Saturday, December 19, 2009

Snow Day ! Hell Fuckin' Yeah !


I took a snow day today and called my boss at 7 a.m. to say they’d just have manage without me. This snow was sort of a surprise; it seldom snows so early in the season here. Most snows that amount to anything usually happen between January and mid-March in this part of North Carolina. Like most southerners, I can’t drive for shit in snow or ice. I made the mistake of deciding to go to the store for beer last night just after the snow stopped and soon found myself bargaining with God:

“Oh sweet Jesus, please forgive me for going out for beer on a night like this! Please, oh please! Shit, I’m sliding! Oh hell, I mean …heck (sorry, Jesus). Turn the steering wheel in the direction you’re sliding, right? That don't make any sense ! Oh shit, I knew I should have paid more attention in driver’s-ed, but that was eons ago… Oh fuck, here comes an 18-wheeler, sweet Jesus, I’m gonna die!”

Lesson learned:

Buy yo shit before the weather gets bad.

Snow days are wonderful. It’s like God just opened up the sky and handed you an extra day off and said ENJOY. Hmmm, what to do, what to do… Stranded at home until my road gets scraped & salted. Well guys, I did what any bored queen stranded at home so close to Christmas would do, I baked my Christmas cookies. All 8 dozens! I made those little green Christmas trees you shoot out of the cookie gun, I made standard peanut butter cookies, I baked shortbread and ended with my chocolate crackles (my fave). I did all this while watching a Betty Hutton movie. I swear, sometimes I’m so freakin’ gay I amaze myself…LOL.
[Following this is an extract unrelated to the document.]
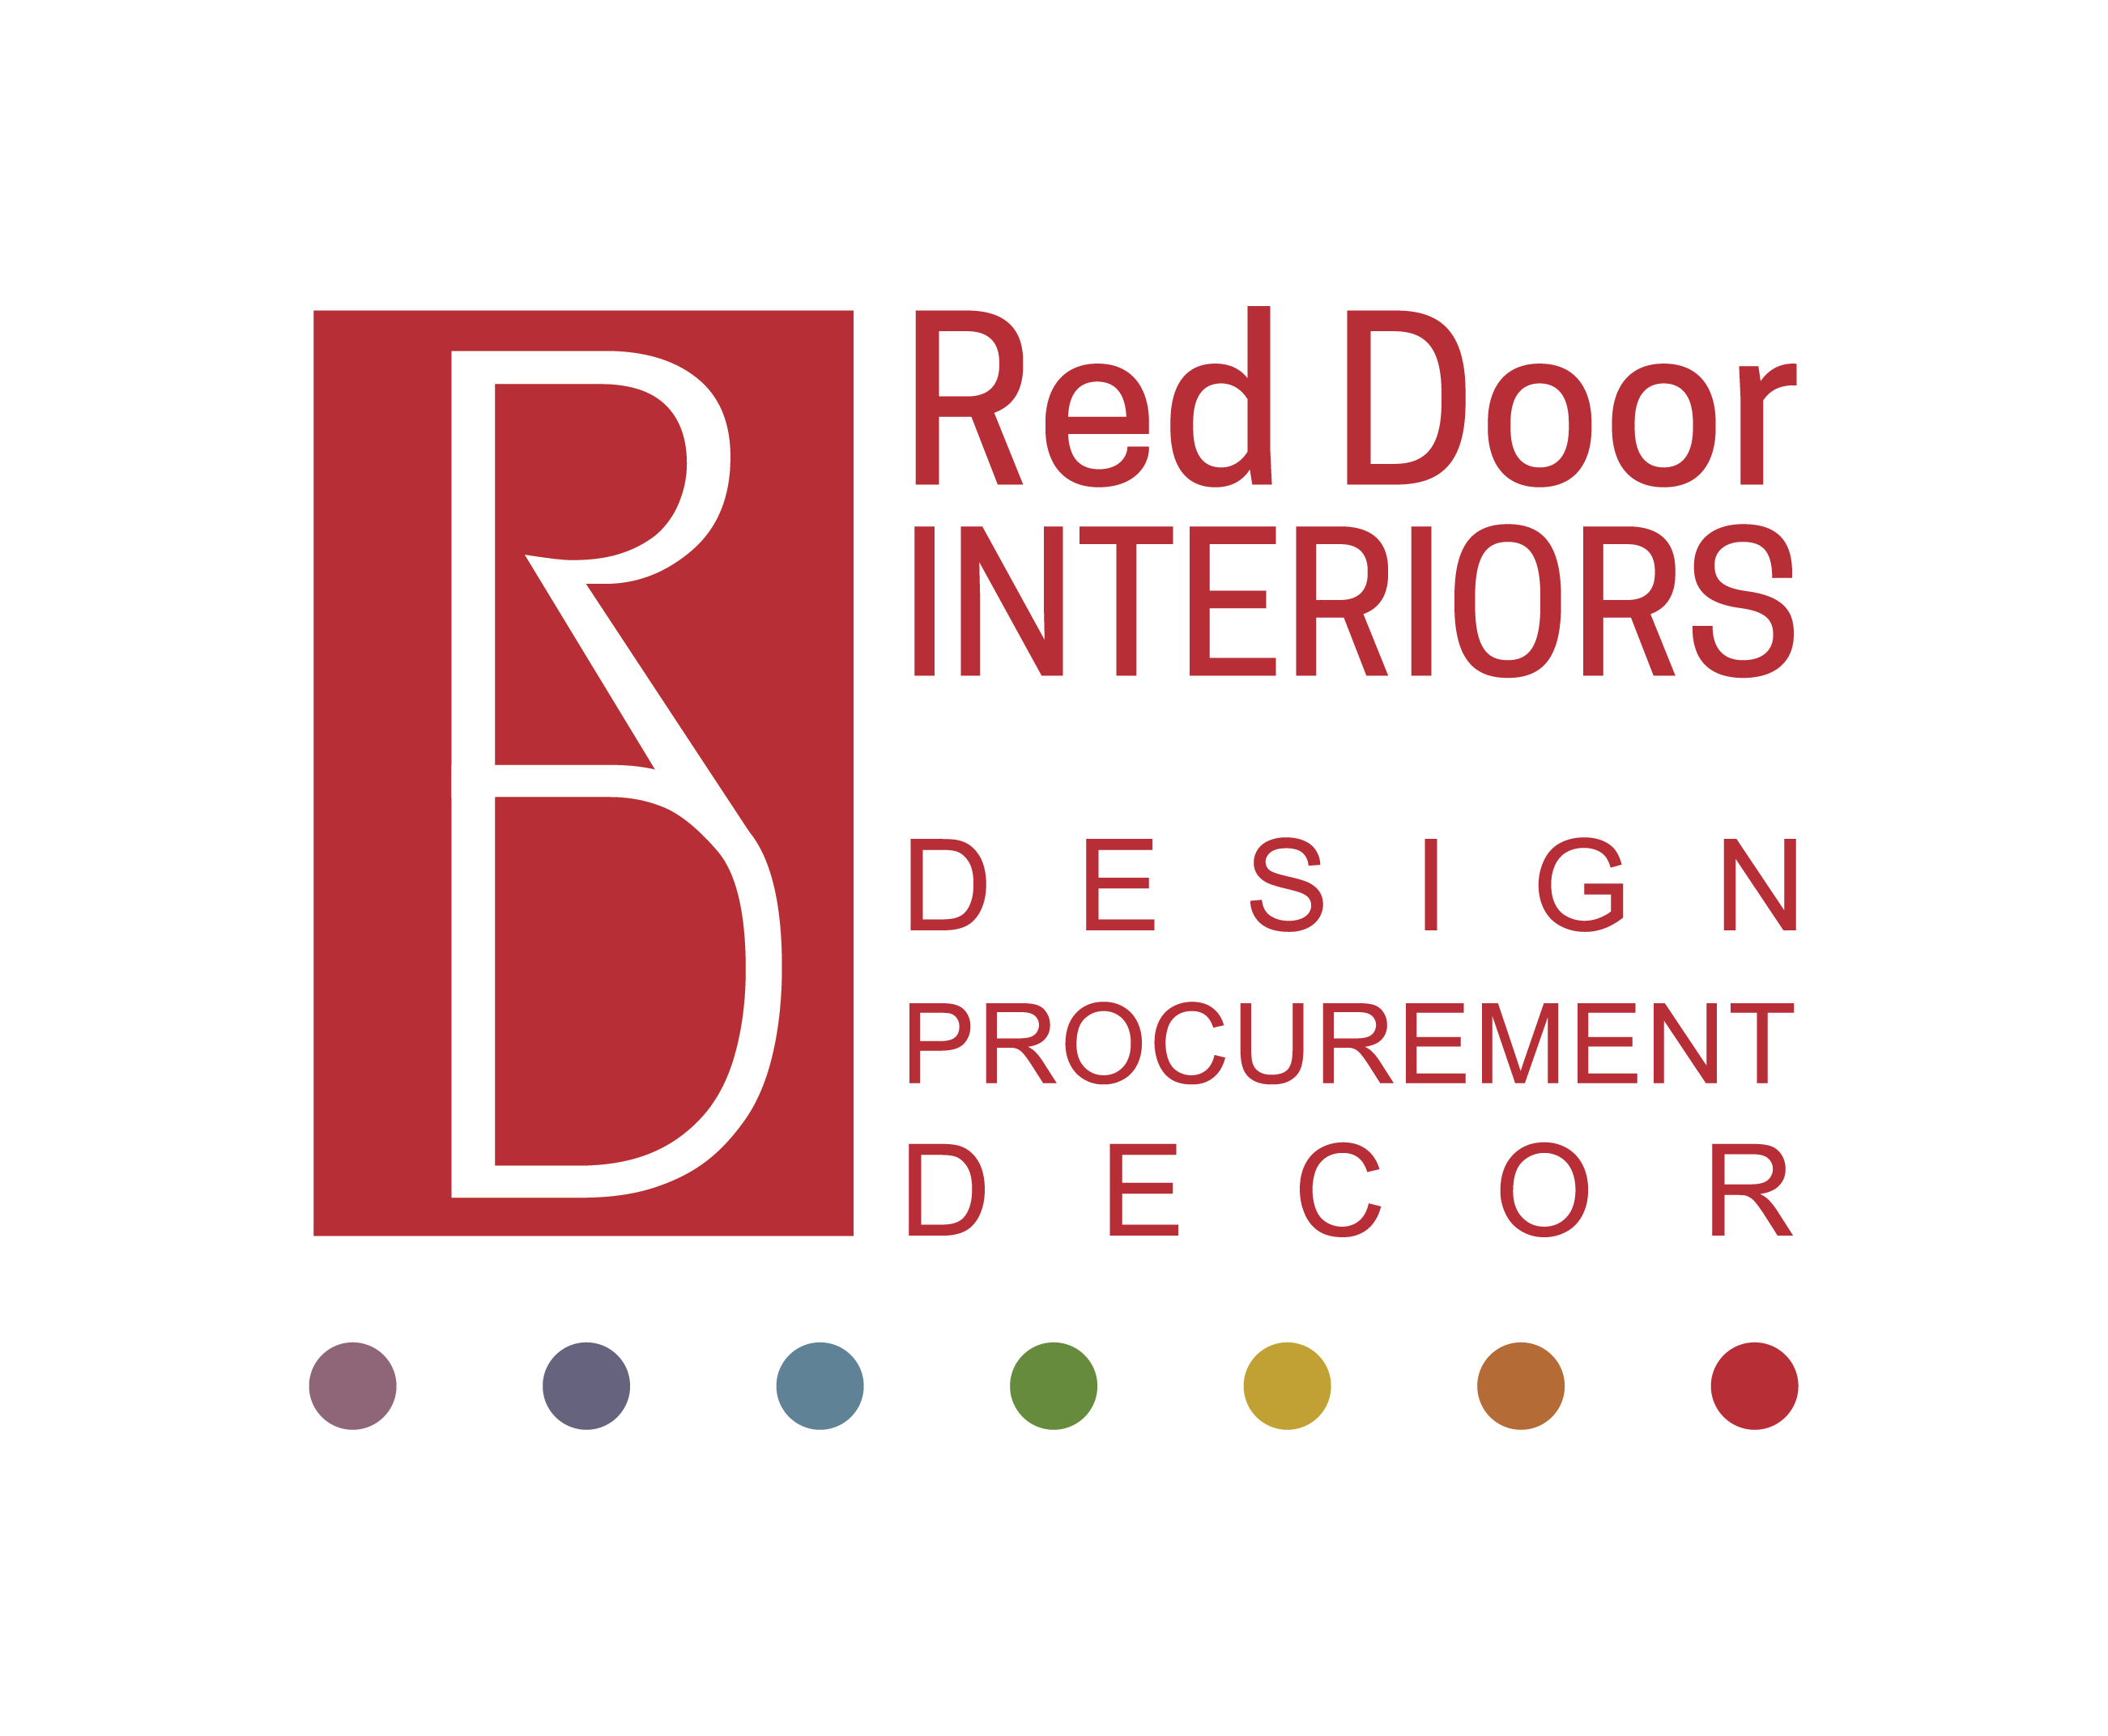 Red Door Interior Design Procurement
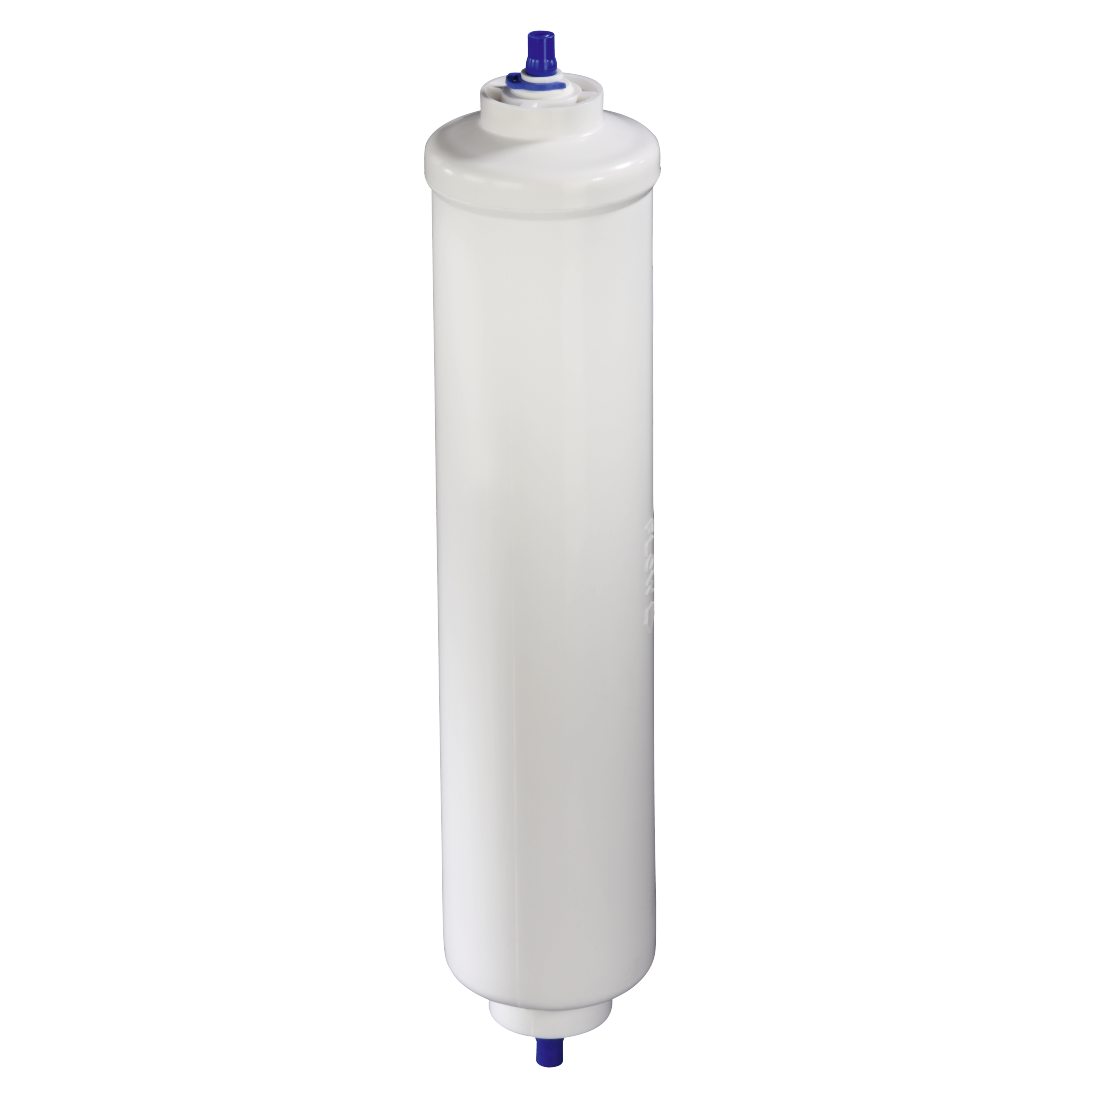 abx Druckfähige Abbildung - Xavax, Externer Universal-Wasserfilter für Side-by-Side-Kühlschränke

Somebody asked me the other day what I wanted for Christmas. I had to really think about it for a while… What does Ken want for Christmas? Here’s what I came up with: I want the fates to blind someone to my multitude of flaws just long enough for them to see the person I want to be. Isn’t that what being loved is about, them being able to see past all the smoke and mirrors and being able to see you, the real you? I think I just might have met this person. I don’t want to talk about it too much yet and jinx myself, but keep a good thought for me, okay.


Ya’ll be good and Happy Holidays, ya hear! I’ll be back soon with my article on how to tell if a man has a big dick.